This quarterly report on Form 10-Q and other reports filed by Amanasu Environmental Corporation and its wholly owned subsidiaries, collectively the "Company", "we", "our", and "us") from time to time with the U.S. Securities and Exchange Commission (the "SEC") contain or may contain forward-looking statements and information that are based upon beliefs of, and information currently available to, the Company's management as well as estimates and assumptions made by Company's management. Readers are cautioned not to place undue reliance on these forward-looking statements, which are only predictions and speak only as of the date hereof. When used in the filings, the words "anticipate," "believe," "estimate," "expect," "future," "intend," "plan," or the negative of these terms and similar expressions as they relate to the Company or the Company's management identify forward-looking statements. Such statements reflect the current view of the Company with respect to future events and are subject to risks, uncertainties, assumptions, and other factors, including the risks contained in the "Risk Factors" section of the Company's Annual Report on Form 10-K for the fiscal year ended December 31, 2019, as filed with the Securities and Exchange Commission ("SEC") on March 30, 2020 (the "Annual Report"), relating to the Company's industry, the Company's operations and results of operations, and any businesses that the Company may acquire. Should one or more of these risks or uncertainties materialize, or should the underlying assumptions prove incorrect, actual results may differ significantly from those anticipated, believed, estimated, expected, intended, or planned.

Although the Company believes that the expectations reflected in the forward-looking statements are reasonable, the Company cannot guarantee future results, levels of activity, performance, or achievements. Except as required by applicable law, including the securities laws of the United States, the Company does not intend to update any of the forward-looking statements to conform these statements to actual results.
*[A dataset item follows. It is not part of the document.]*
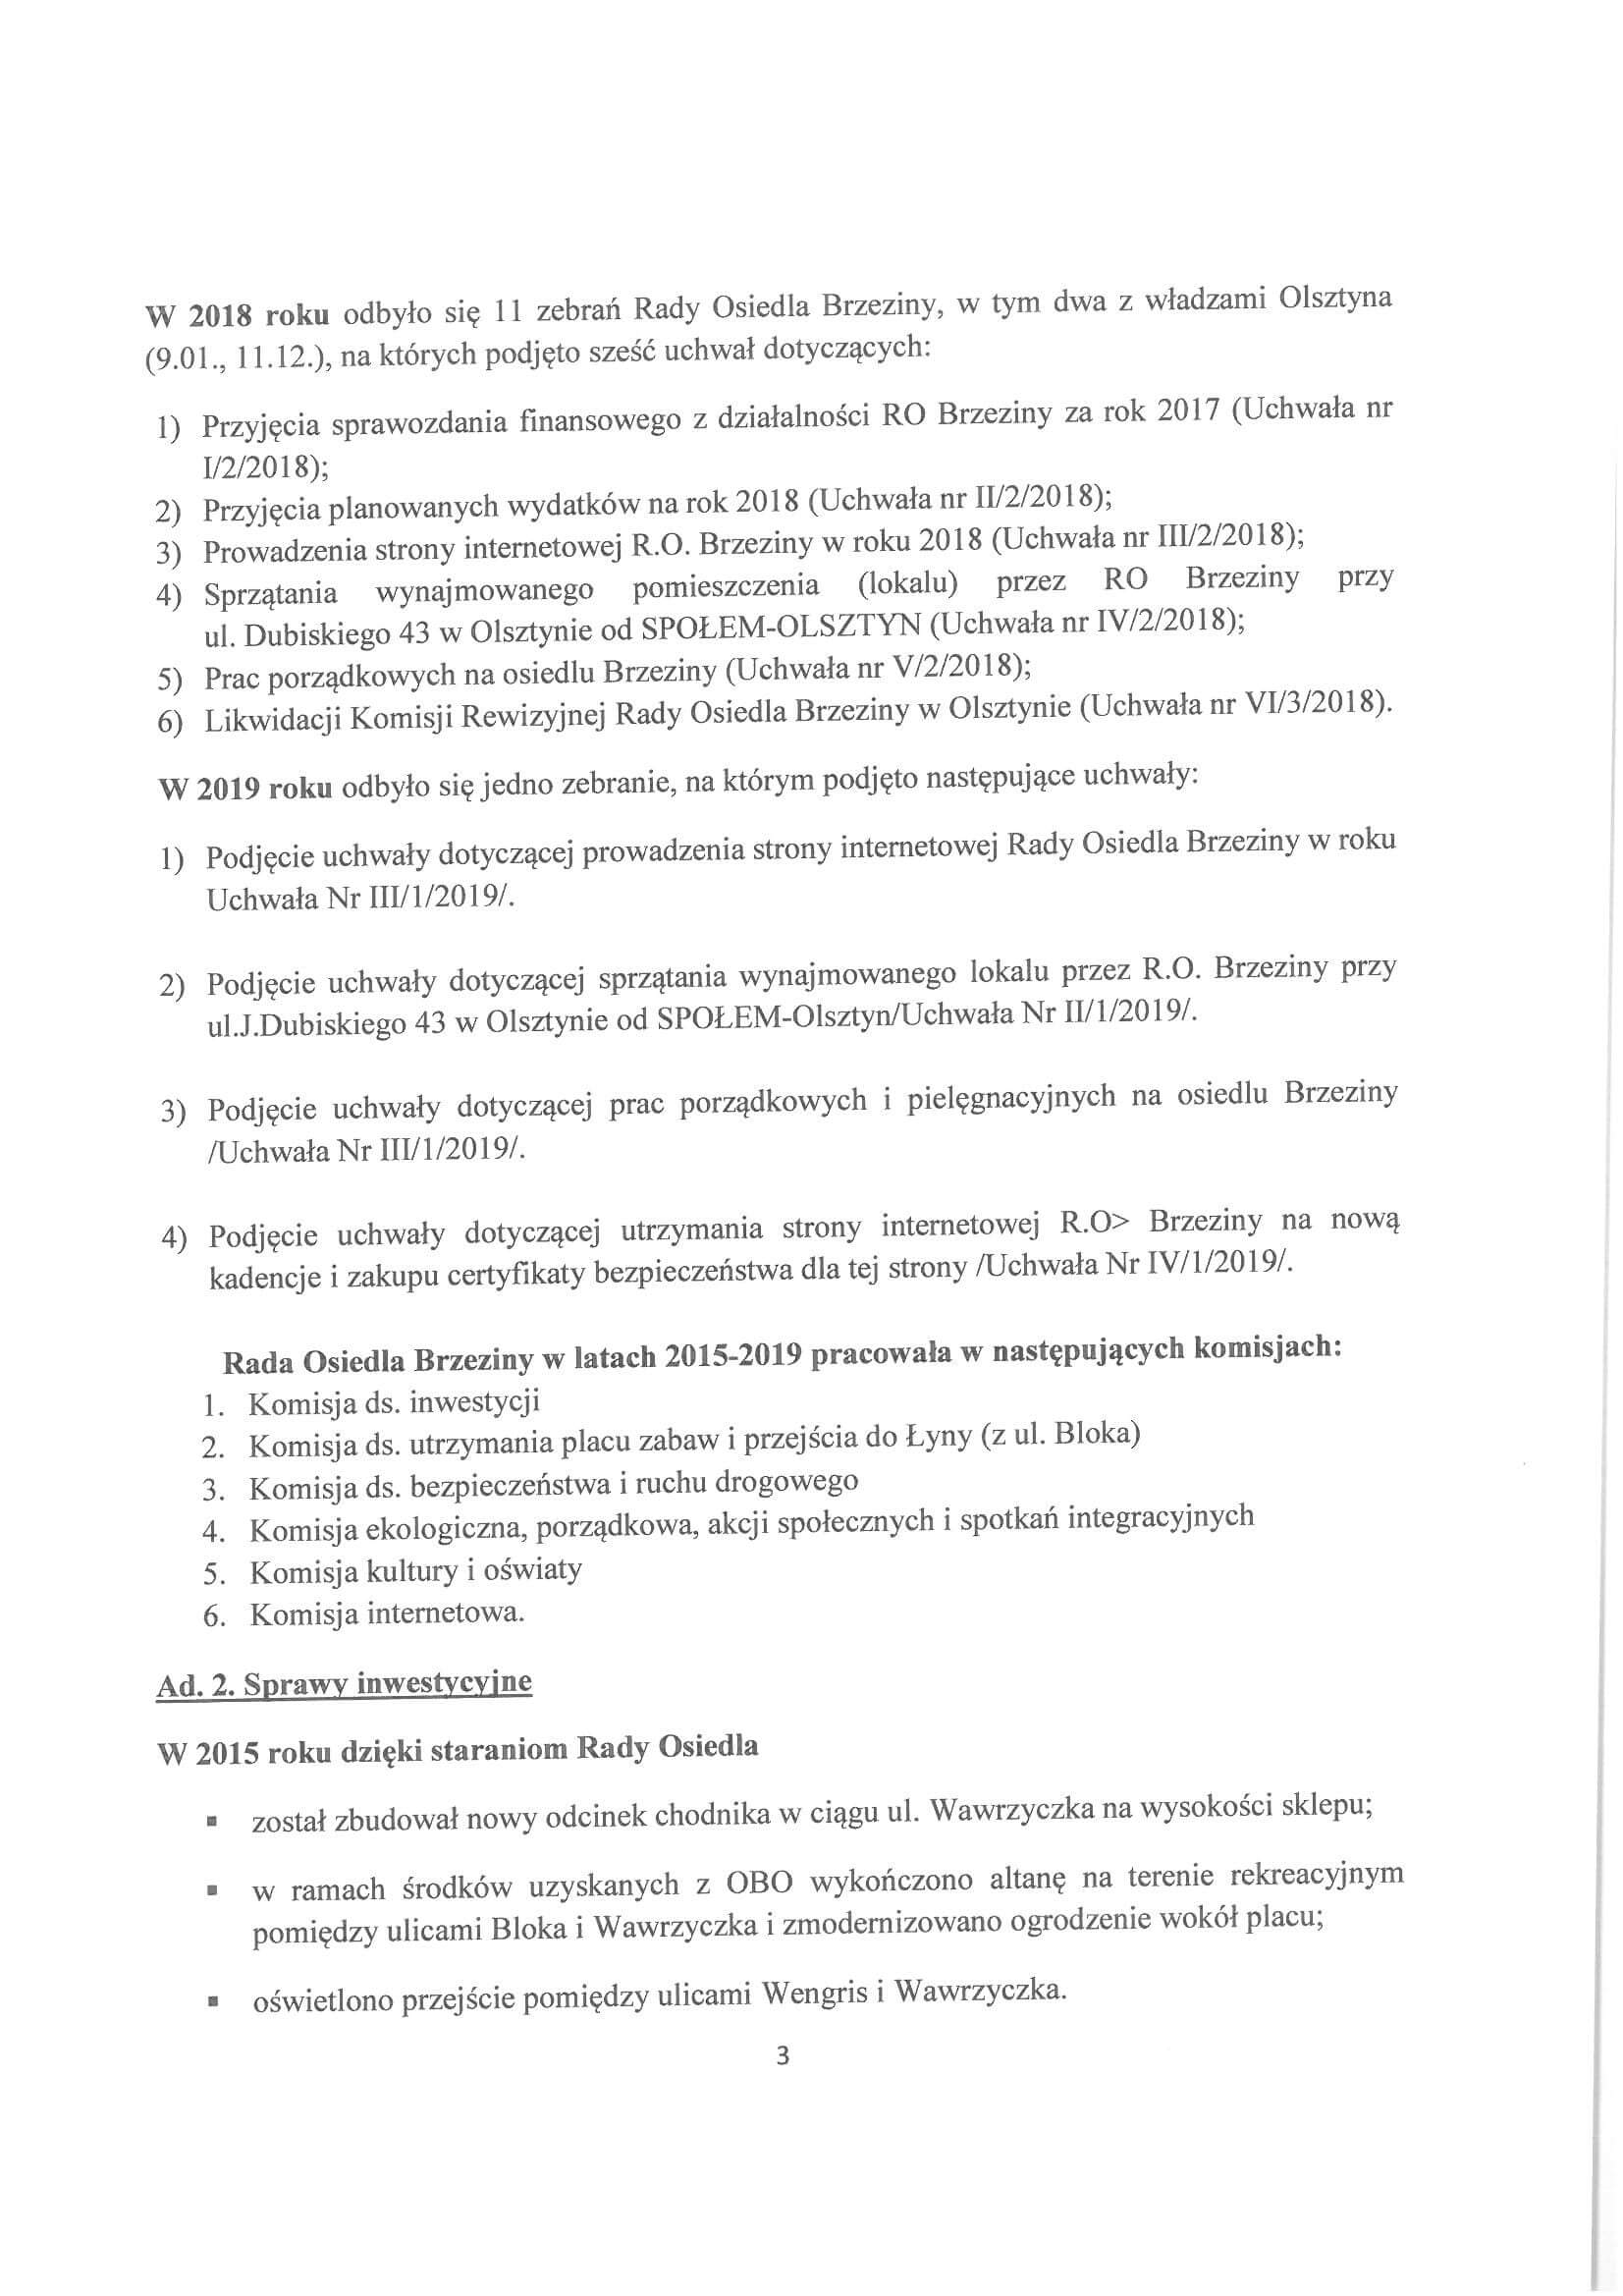 Sprawozdanie z działalności RO w latach 2015-2019-03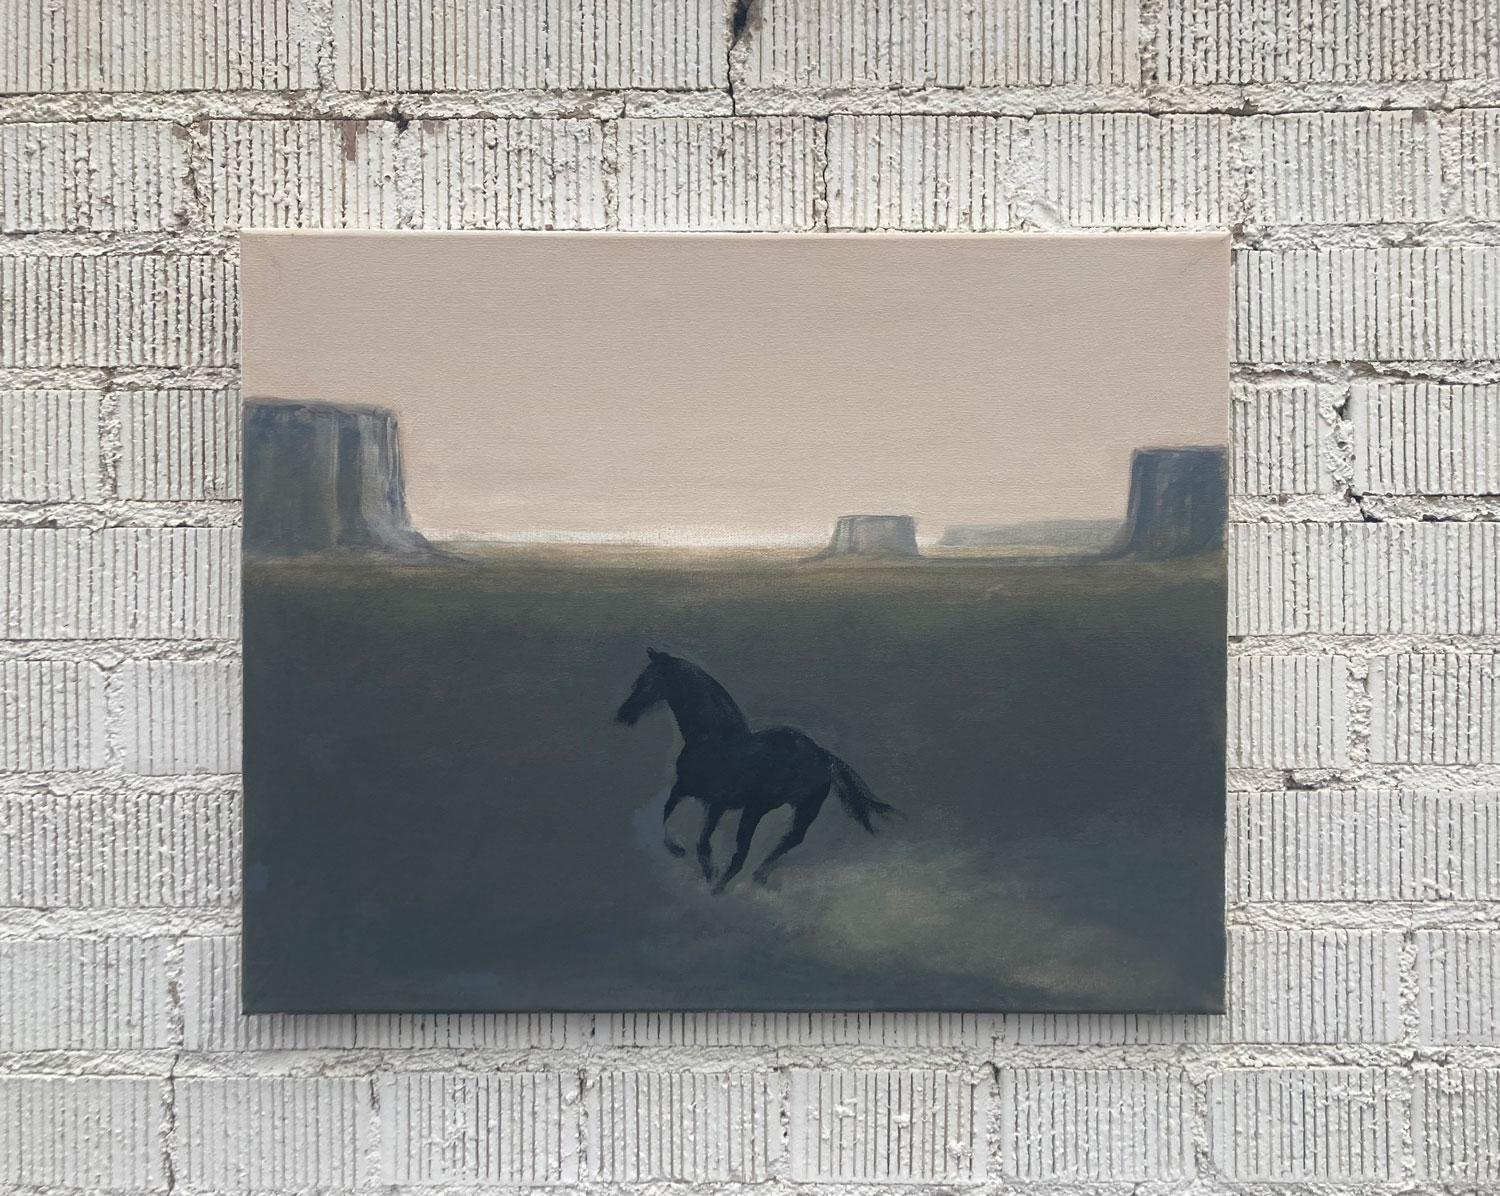 <p>Commentaires de l'artiste<br>L'artiste Nick Bontorno peint un cheval noir courant vers les falaises désertiques lointaines. Il rend le sujet avec une représentation minimale dans le style du primitivisme. La palette de pastels doux et le paysage

Our unaudited condensed consolidated financial statements are prepared in accordance with accounting principles generally accepted in the United States ("GAAP"). These accounting principles require us to make certain estimates, judgments and assumptions. We believe that the estimates, judgments and assumptions upon which we rely are reasonable based upon information available to us at the time that these estimates, judgments and assumptions are made. These estimates, judgments and assumptions can affect the reported amounts of assets and liabilities as of the date of the consolidated financial statements as well as the reported amounts of revenues and expenses during the periods presented. Our consolidated financial statements would be affected to the extent there are material differences between these estimates and actual results. In many cases, the accounting treatment of a particular transaction is specifically dictated by GAAP and does not require management's judgment in its application. There are also areas in which management's judgment in selecting any available alternative would not produce a materially different result. The following discussion should be read in conjunction with our consolidated financial statements and notes thereto appearing elsewhere in this report.

The accompanying financial statements have been prepared assuming that the Company will continue as a going concern. As shown in the financial statements, the Company had a working capital deficiency of $673,201 and an accumulated deficit of $5,500,695 at June 30, 2020, and a record of continuing losses. These factors, among others, raise substantial doubt about the ability of the Company to continue as a going concern. The financial statements do not include adjustments relating to the recoverability of assets and classification of liabilities that might be necessary should the Company be unable to continue in operation.

The Company's present plans, the realization of which cannot be assured, to overcome these difficulties include, but are not limited to, a continuing effort to investigate business acquisitions and joint ventures. The Company will also continue to investigate and develop technologies, which the Company believes have great market potential. As such, the Company may need to pursue additional sources of financing. There can be no assurances that the Company can secure additional financing.

General

Management's discussion and analysis of results of operations and financial condition is intended to assist the reader in the understanding and assessment of significant changes and trends related to the results of operations and financial position of the Company together with its subsidiary. This discussion and analysis should be read in conjunction with the consolidated financial statements and accompanying financial notes, and with the Critical Accounting Policies noted below.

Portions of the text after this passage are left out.